▶ _SUPPLIED MATERIAL_
+-------+
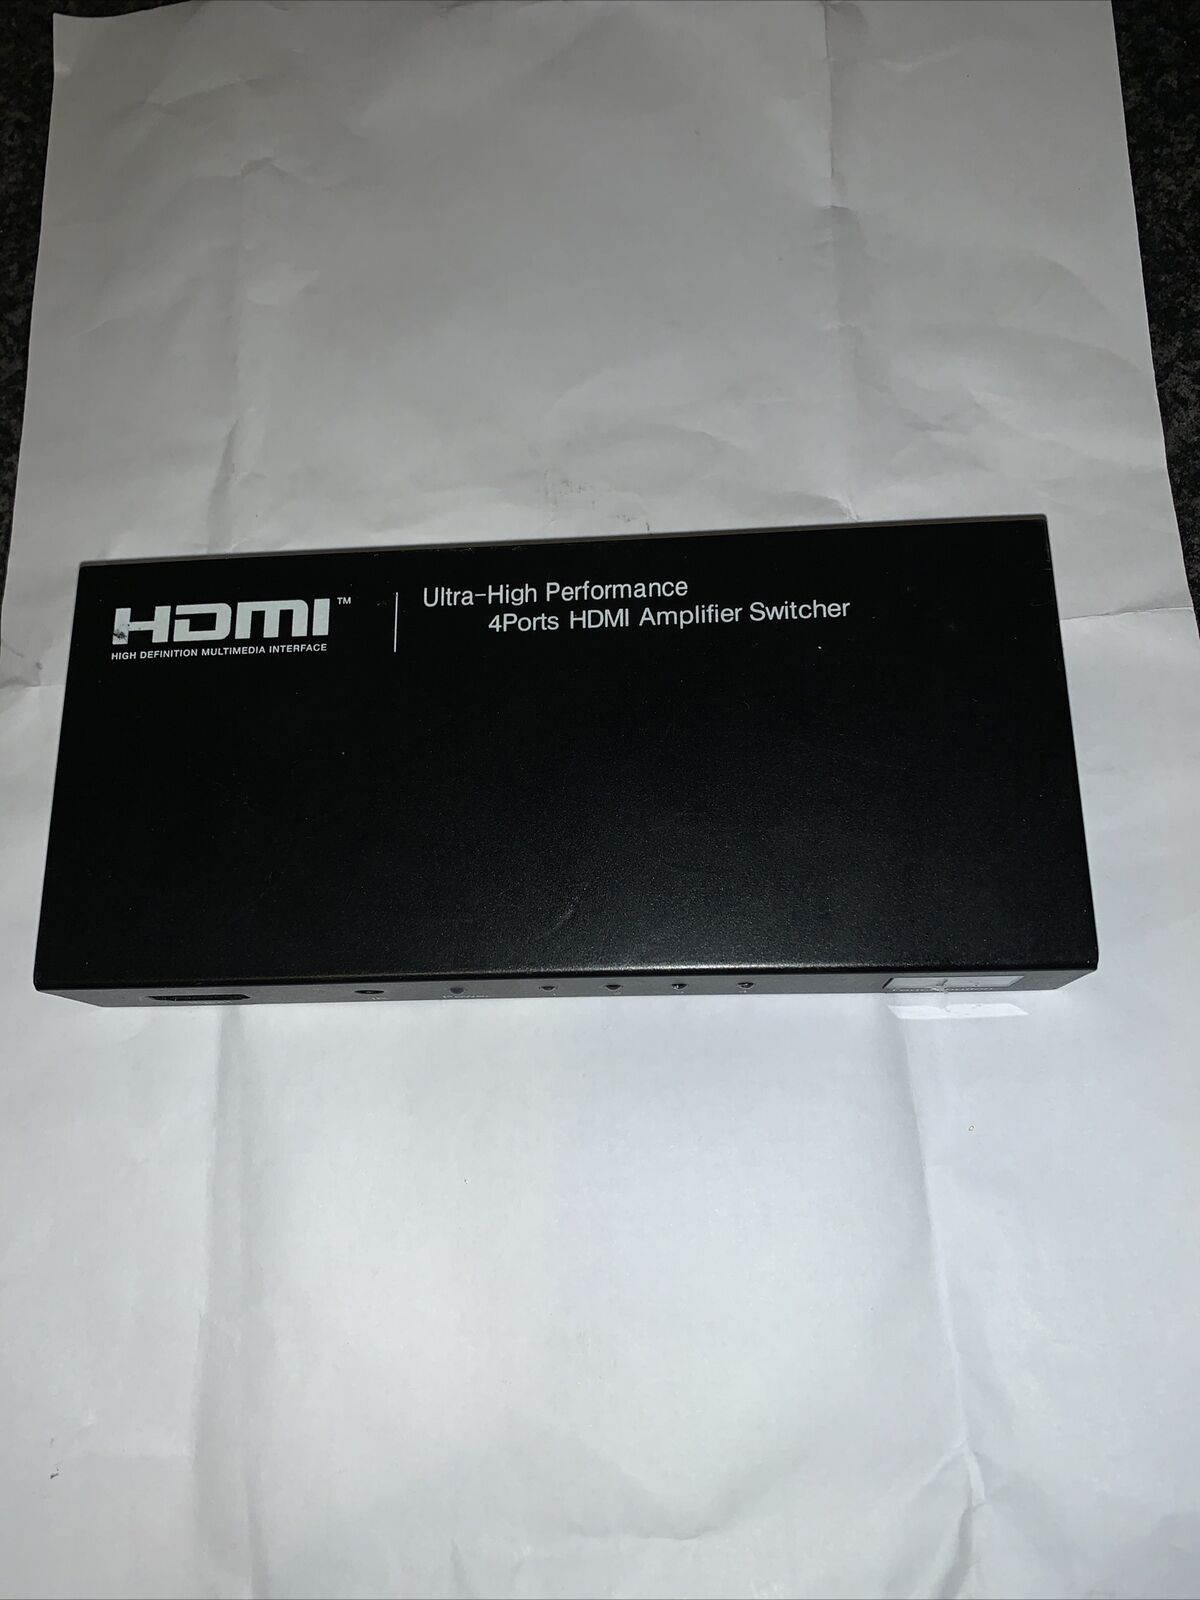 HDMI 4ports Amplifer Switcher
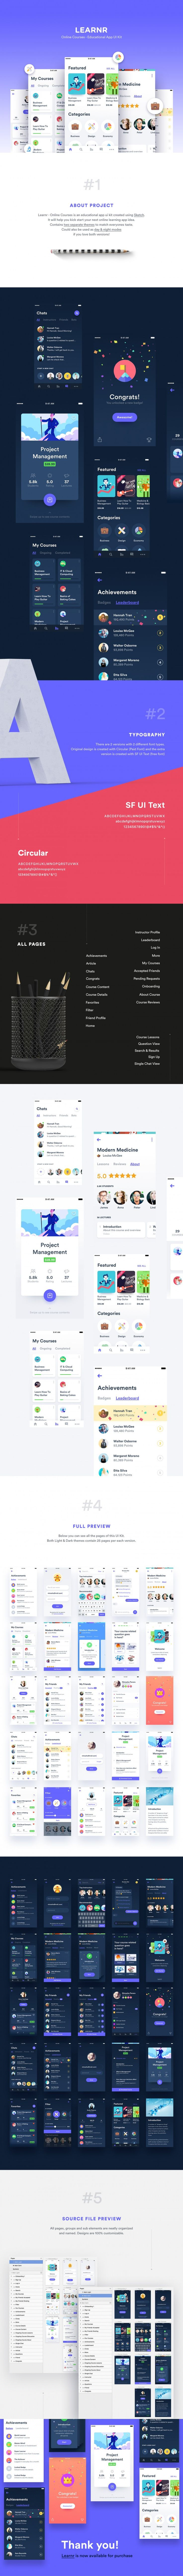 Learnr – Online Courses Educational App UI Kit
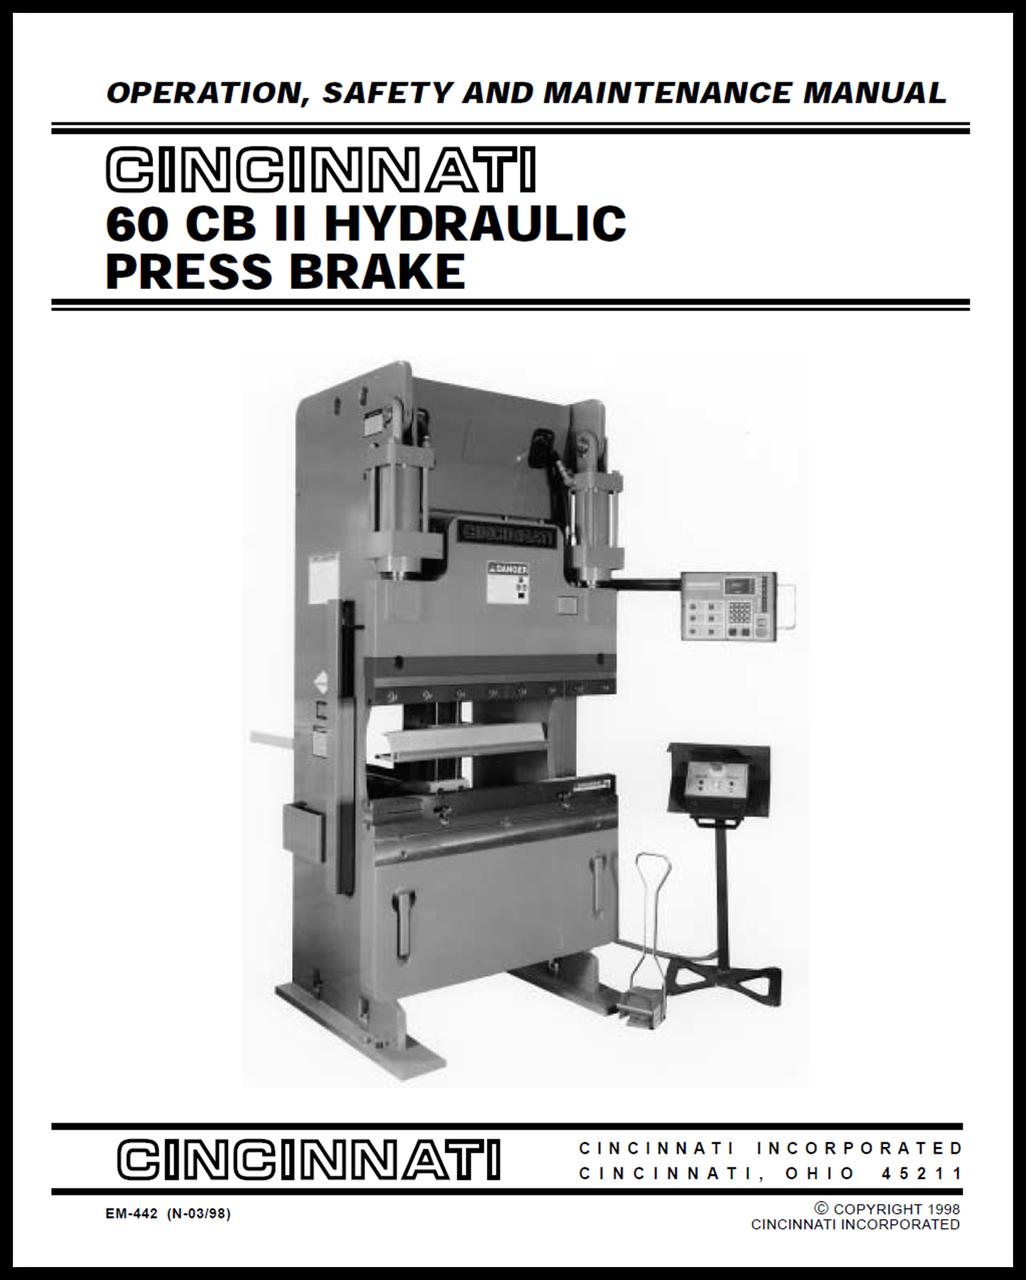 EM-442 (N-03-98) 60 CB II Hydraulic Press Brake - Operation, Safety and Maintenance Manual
+-------+
▶ _WHAT IS NEEDED_
Print the stretch of the data from the line with "Learnr – Online" through its last line, exactly and with both ends kept. Omit pictures.

▶ _RESPONSE AREA_
 Learnr – Online Courses Educational App UI Kit
 EM-442 (N-03-98) 60 CB II Hydraulic Press Brake - Operation, Safety and Maintenance Manual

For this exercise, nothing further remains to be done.